The task to make the robots push a box together was apparently the most difficult among all the tasks, and three of the users said that D was better. Their preference for D is easily understood by the result from the first question. D can move each robot precisely, so users can try to make robots push one side of the box equally. As a result, they could push the center of gravity of the box and were able to complete the task. With V, they failed to push the center of gravity and thus inadvertently rotated the box many times. Despite this, one user answered that V was better. He indeed succeeded in pushing the box from one side of the field to the opposite side by drawing strokes on the display. His operation made a successful stream on the field, and the robots followed the stream, pushing the box simultaneously. He analyzed his success and said that he might have succeeded because he carefully planned where and how to draw a stream to foresee the movement of the robots.

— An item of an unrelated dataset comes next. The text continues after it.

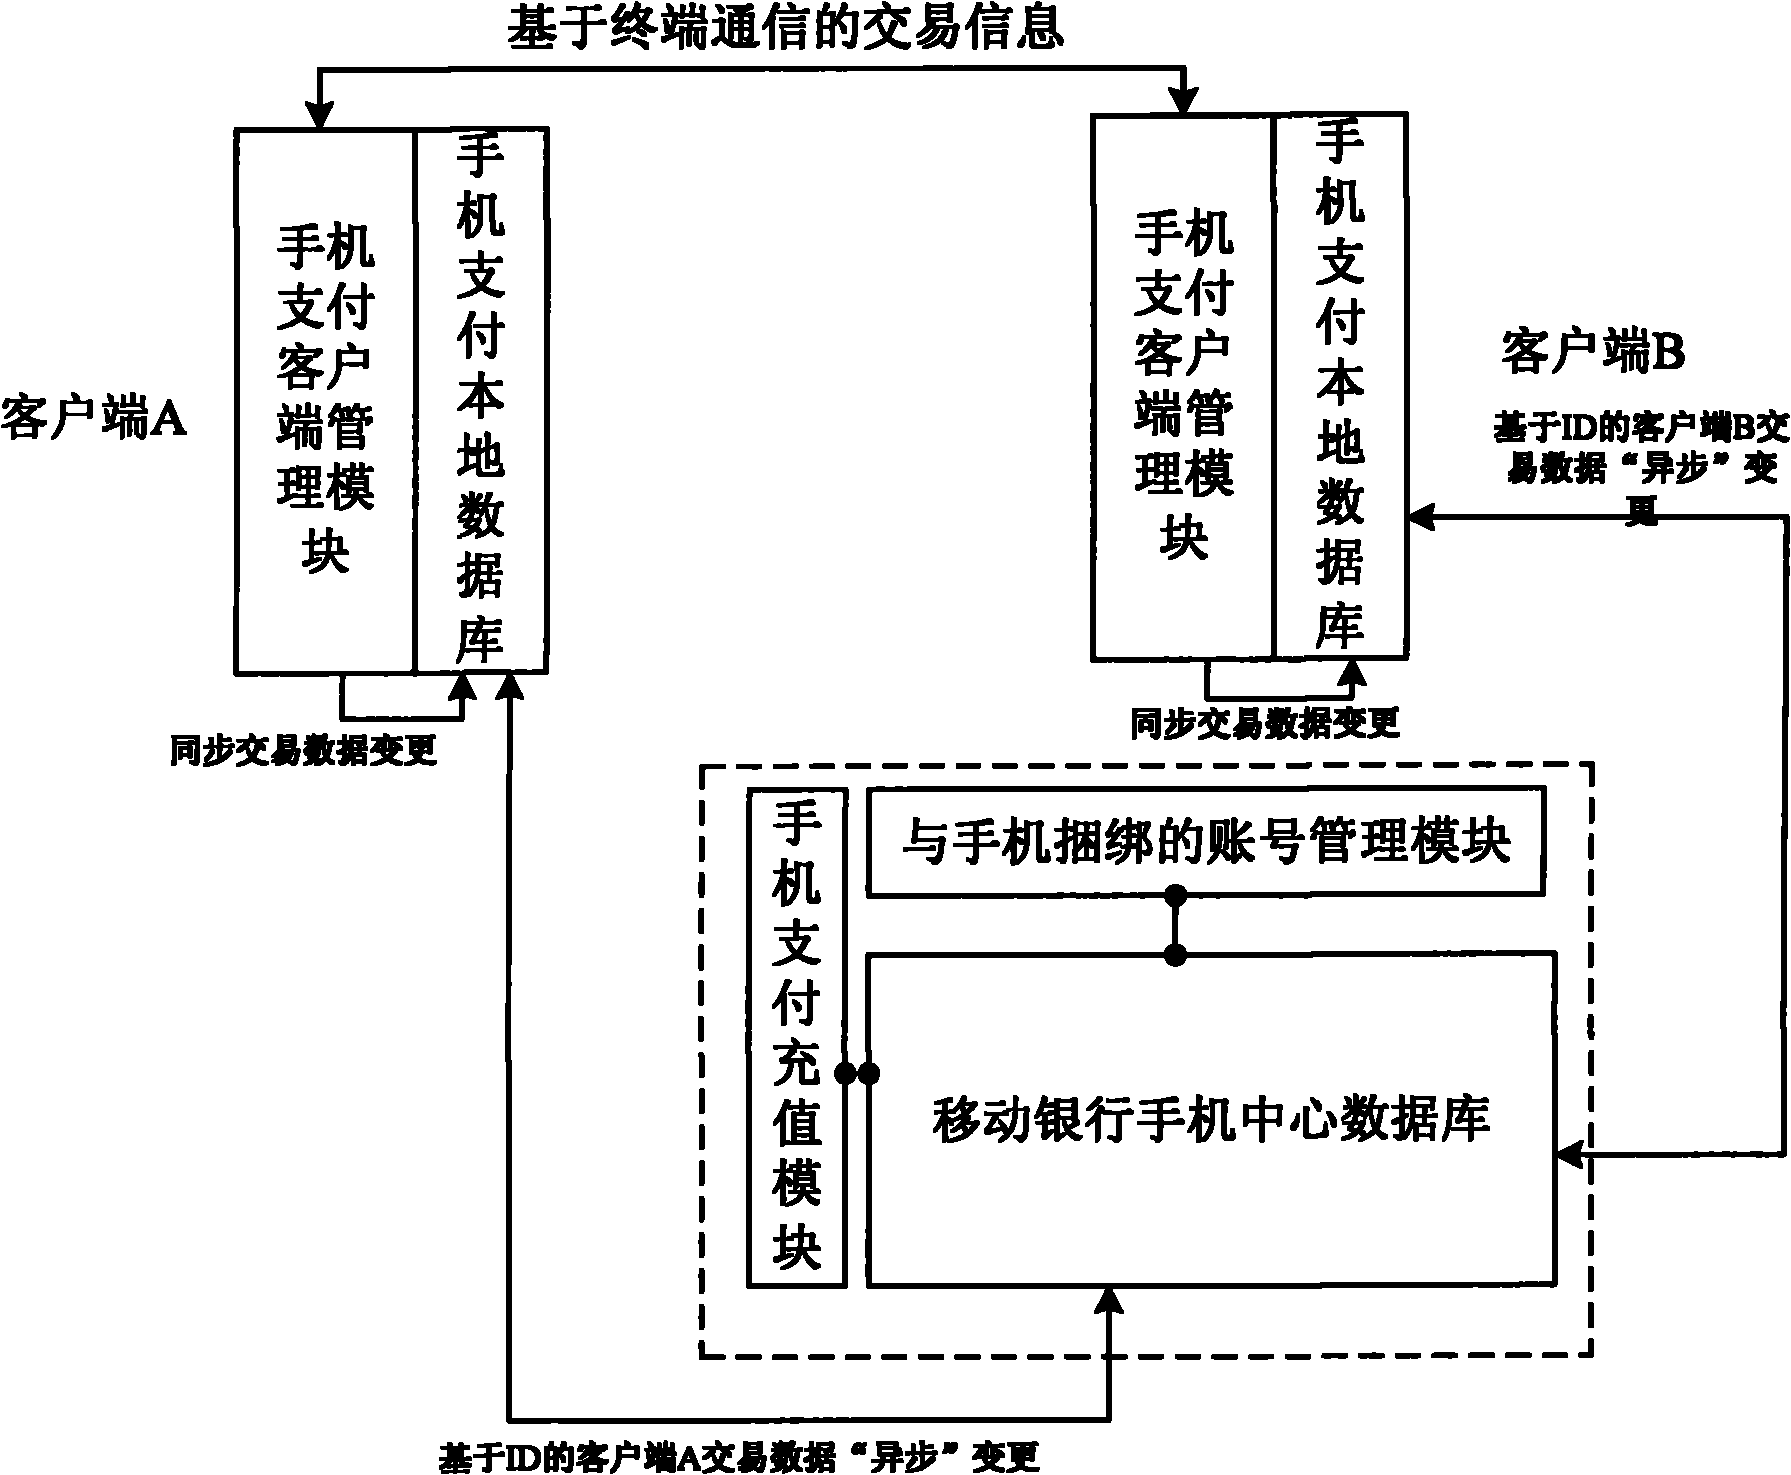 Method and system for interacting instant information between mobile terminals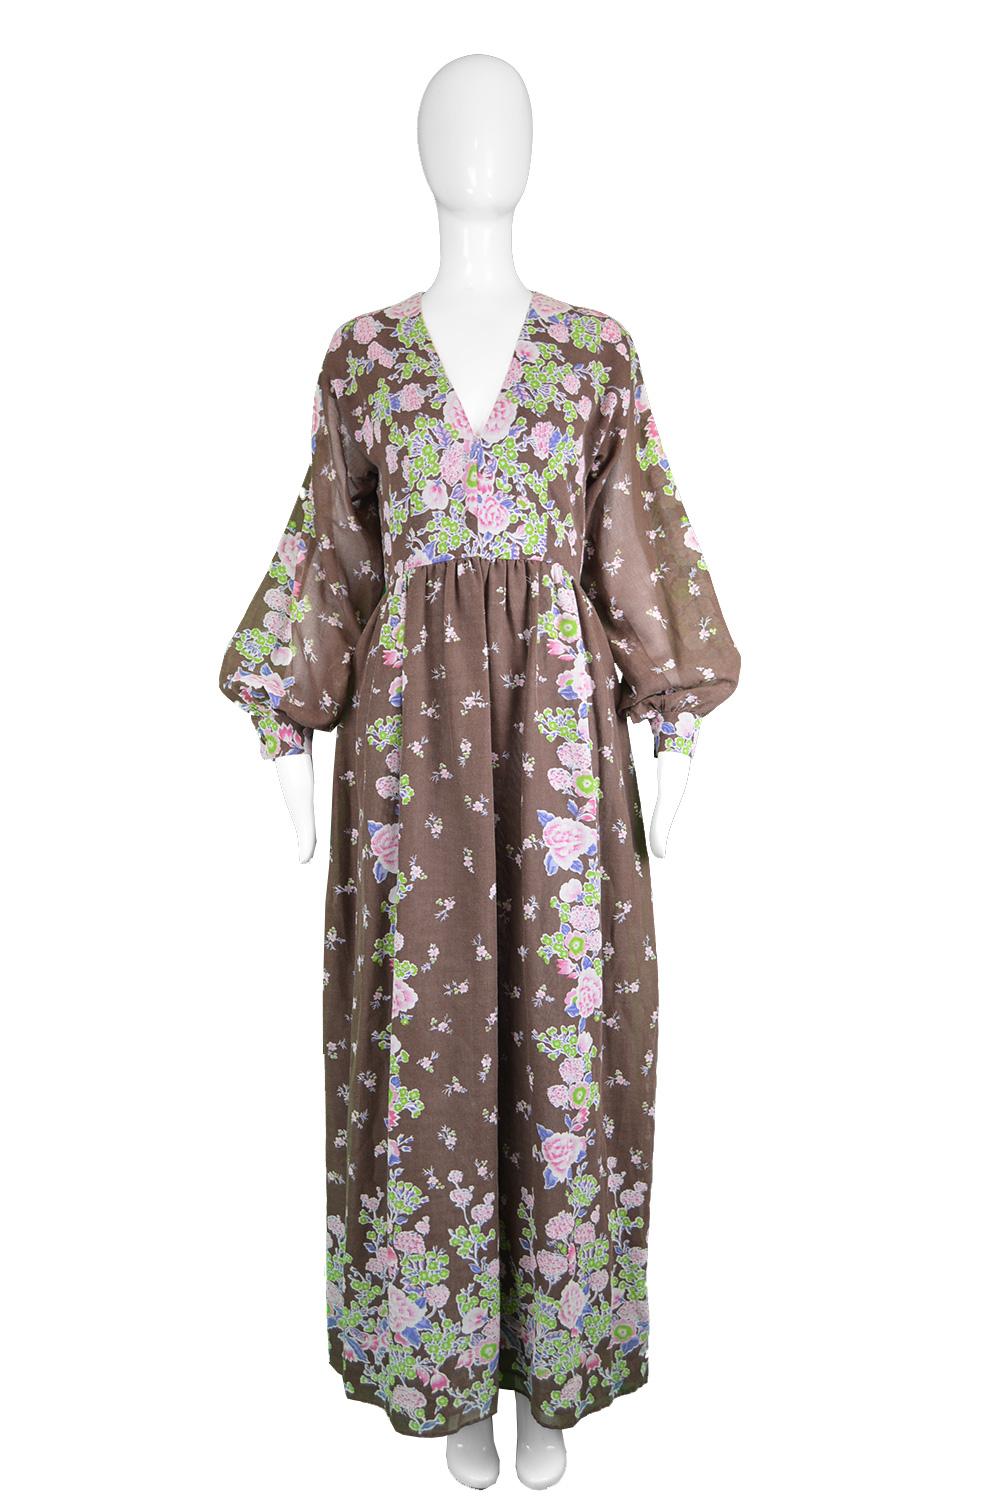 A beautiful vintage maxi length boho dress from the 70s by luxury American fashion designer, Albert Capraro who designed for Oscar de La Renta before starting his own label in 1974, and dressed the likes of Betty Ford and Polly Bergen. In a brown

The users said that while they were using V in the test, they often wanted one specific robot to move in a certain way. In addition, some users were observed to give redundant commands to the robots. They repeated their actions in order to ensure that their directions were accepted by the system.
The user test revealed important characteristics of the two operating methods: V is good for roughly controlling multiple robots, while D is good for giving precise instructions to one robot. When all the robots are expected to accomplish a unique task as a swarm and each robot is not required to do a specific task, V exceeds D in performance. Since the amount of operation required by D increases in proportion to the size of the swarm, this difference becomes clearer when the size increases.
According to the demand by the users, the system can be mainly based on V, with an optional function of D activated only when the user starts dragging the robot icons. Besides integration with D, there are many possible interfaces which can be integrated with our interface. For example, the users can draw or clear virtual walls on the field. Virtual dog icons which can be dragged by the users to make many robots as sheep run away from the icons would be convenient. Binding relative positions of robots as if they were connected with physical ropes would reduce mental load of the users in some cases.
In the aspect of visual feedbacks to the users, there are much suggested future work. The test users pointed out the importance of foreseeing movements of robots in the near future. Simulation and visualization of paths of the robots are expected. In the current implementation, users can know whether or not their commands are accepted by looking at the status text beside the robot icons. However, test users often failed to recognize this and tended to repeat commands for the robots. More noticeable and comprehensible visual feedback will help users to operate the robots with more confidence.
In this paper, we have presented an intuitive multi-touch user interface for navigating multiple mobile robots simultaneously without any explicit mode switch. Users get a top-down view of the environment which is virtually overlaid with a 2-dimensional vector field. All the robots move along the vector field. Our interface allows direct user manipulation of raw data which decide movements of robots. As a result, it can be combined with autonomous navigation algorithms whose calculation results are stored as a 2-dimensional vector field including collision avoidance method. The results of the informal user study showed that the test users were able to use our interface successfully for the given tasks. It also suggested that the combination of our interface and other user interfaces for navigating robots is more promising, and more sophisticated visualization is desired.